··· Data below ···
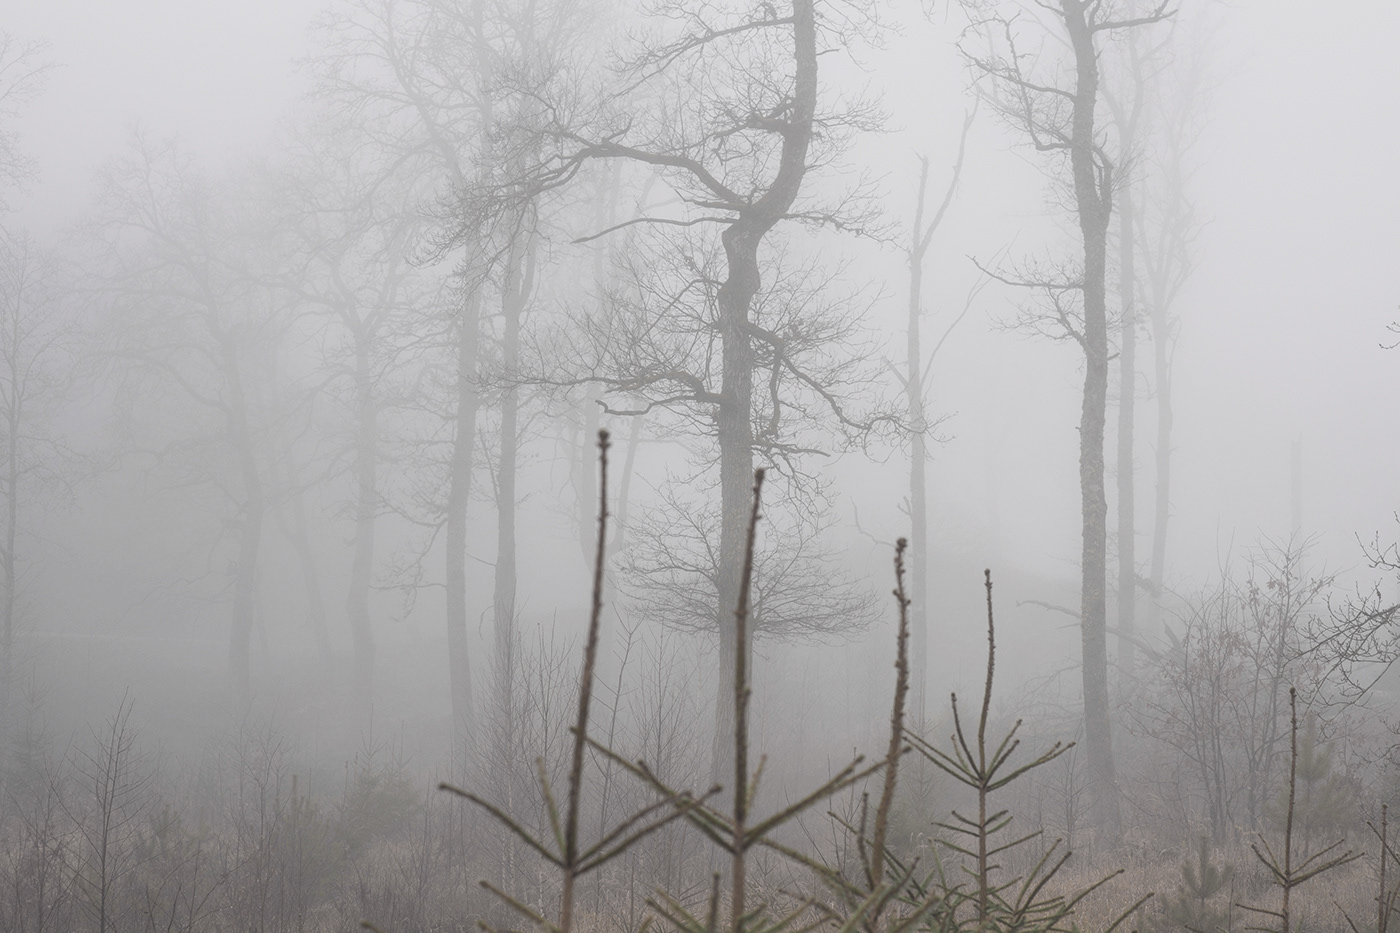 lietuva lithuania Landscape mist trees autumn Mindaugas Buivydas Fog landscape tree art fog
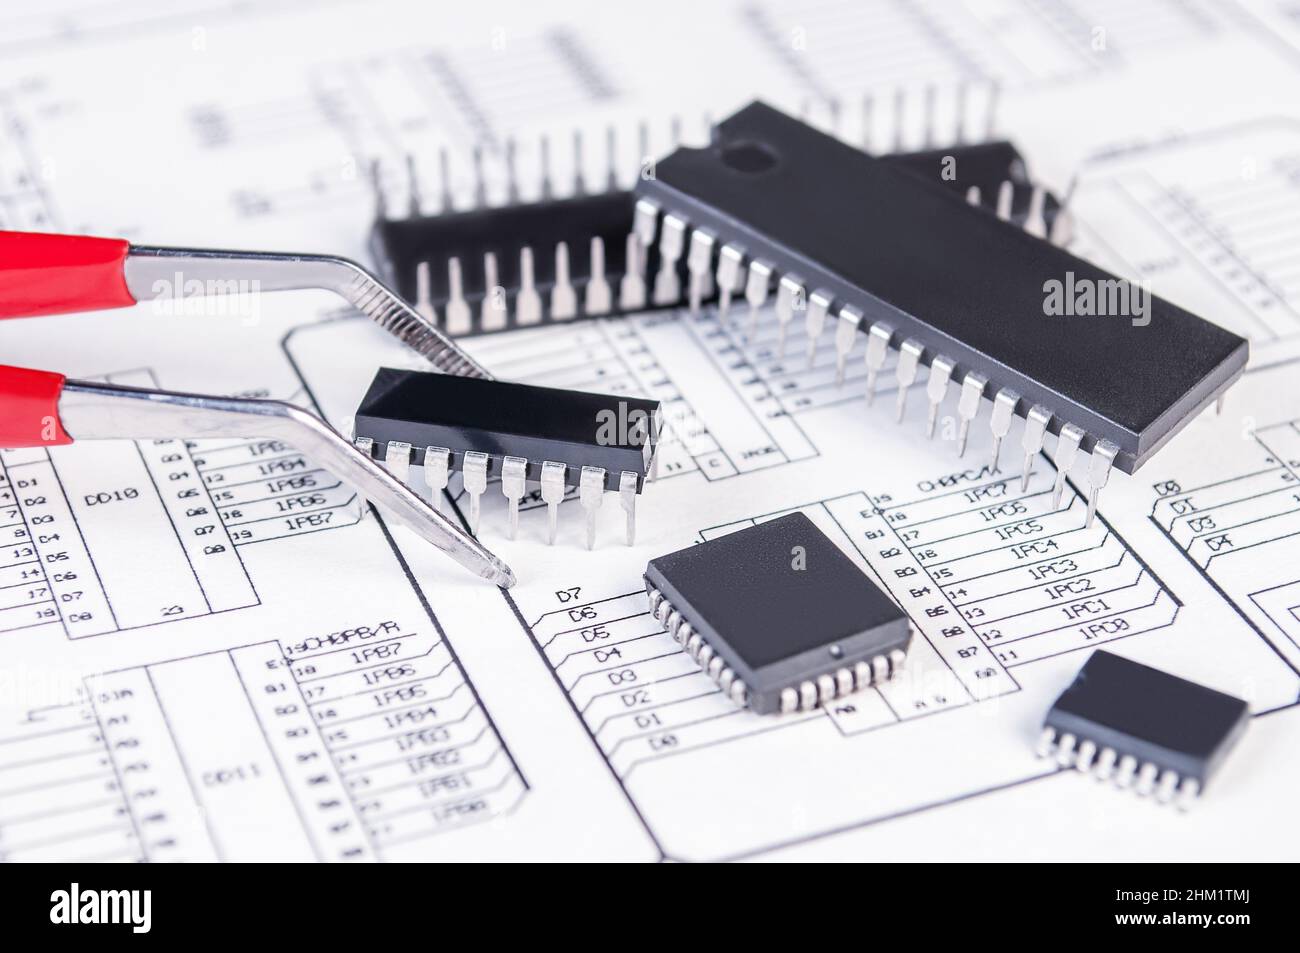 Elektronikkomponenten und Pinzetten auf dem Hintergrund des Schaltplans. Konzept für die Entwicklung und Konstruktion von elektronischen Geräten. Stockfoto
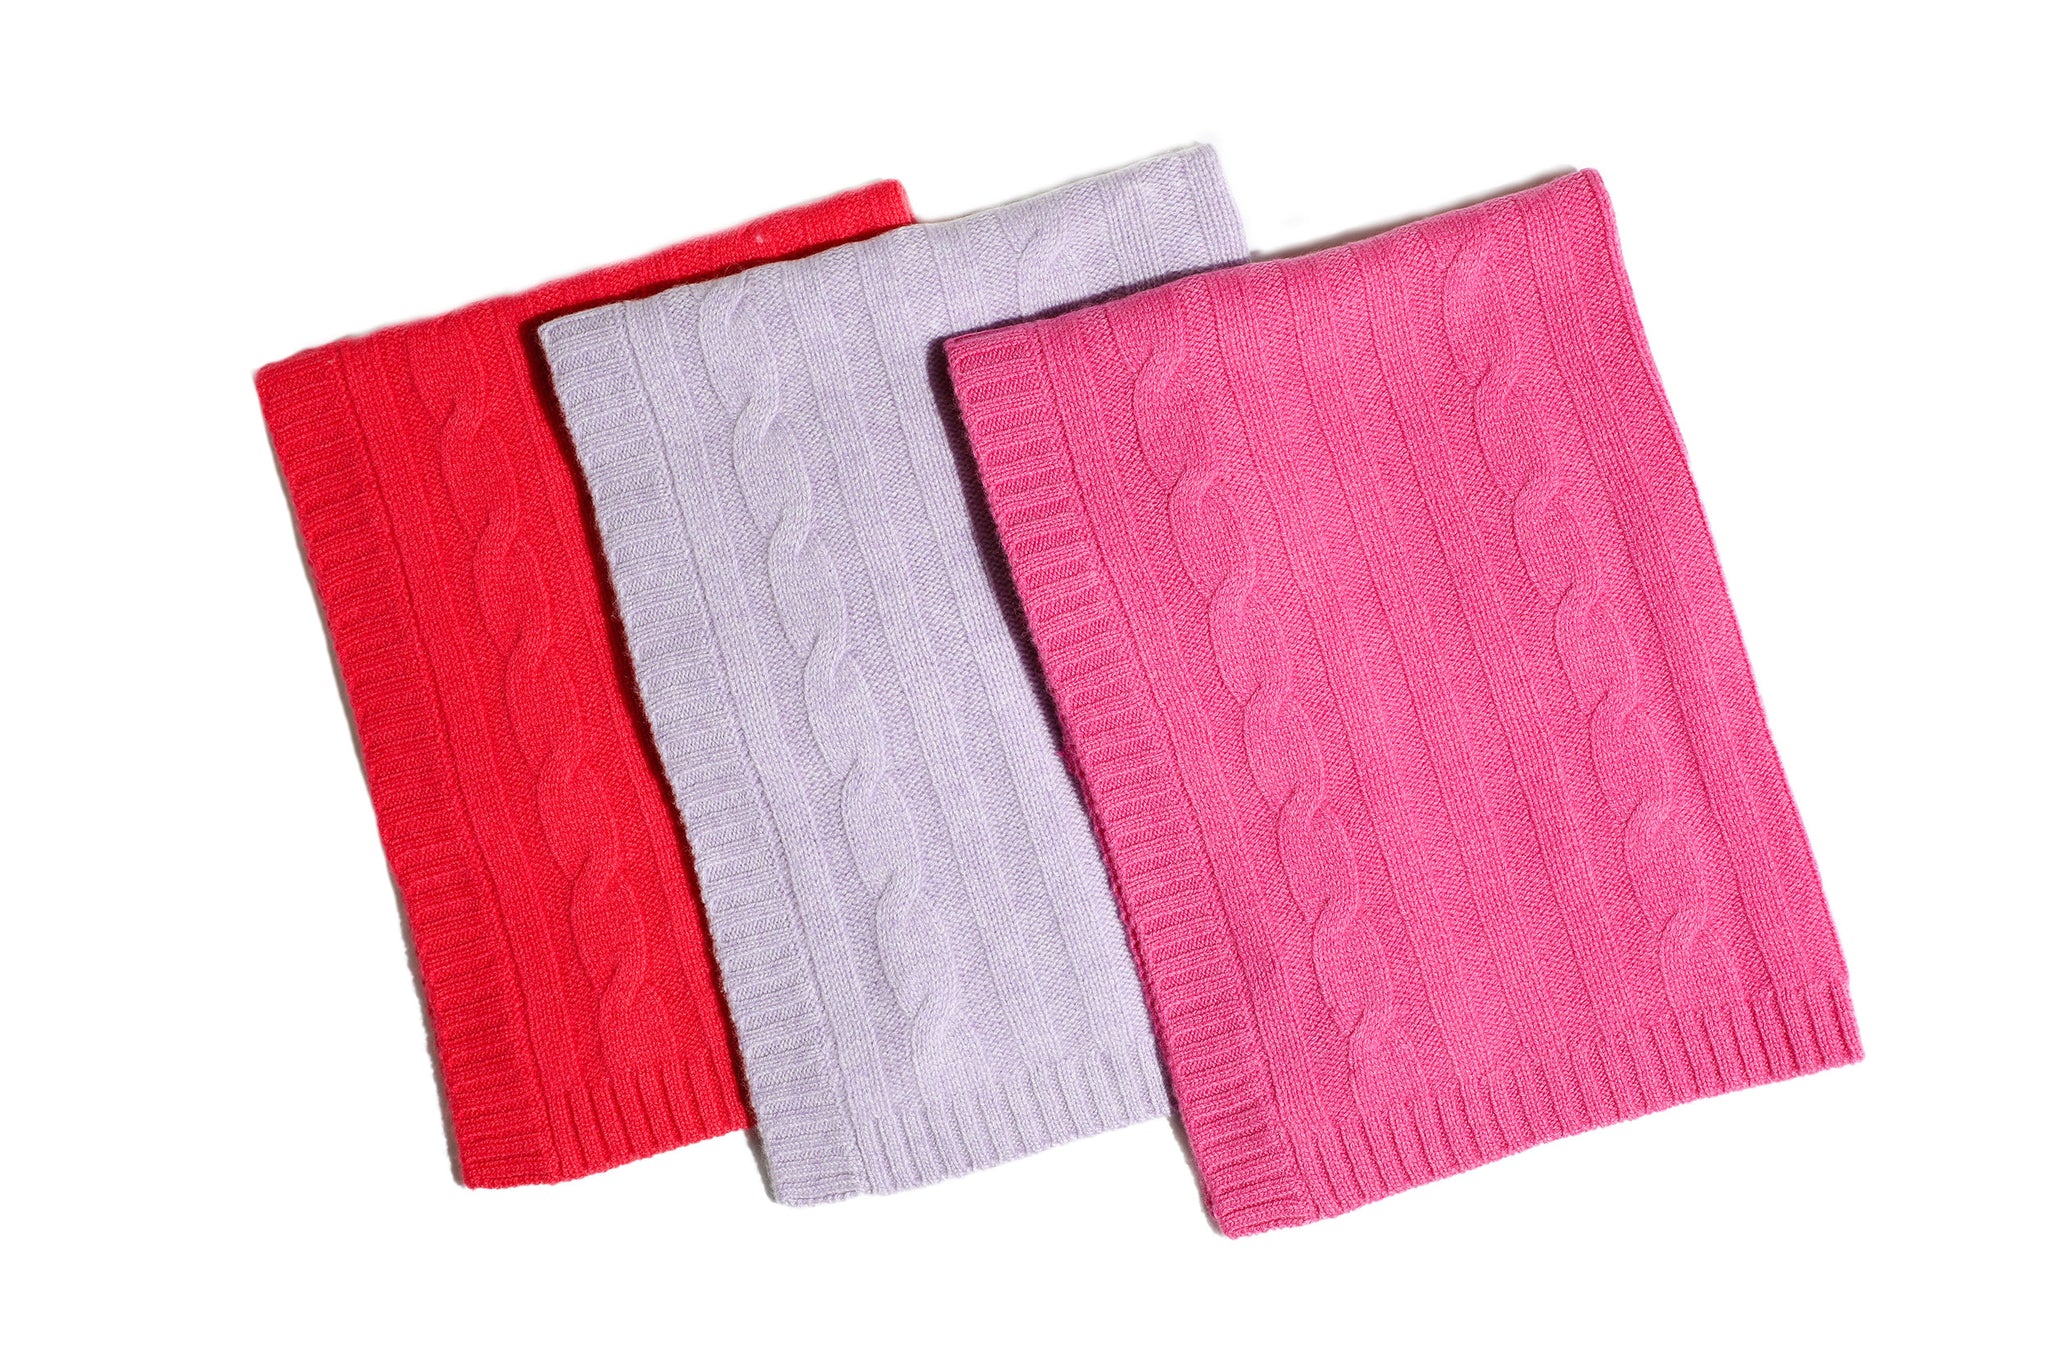 Cashmere Blanket - Orange, Purple, Lavender or Pink - Canine Styles - Dog Blanket - 4 Color Options
···
Write out the data above exactly as it appears, but without any image.

 lietuva lithuania Landscape mist trees autumn Mindaugas Buivydas Fog landscape tree art fog
 Elektronikkomponenten und Pinzetten auf dem Hintergrund des Schaltplans. Konzept für die Entwicklung und Konstruktion von elektronischen Geräten. Stockfoto
 Cashmere Blanket - Orange, Purple, Lavender or Pink - Canine Styles - Dog Blanket - 4 Color Options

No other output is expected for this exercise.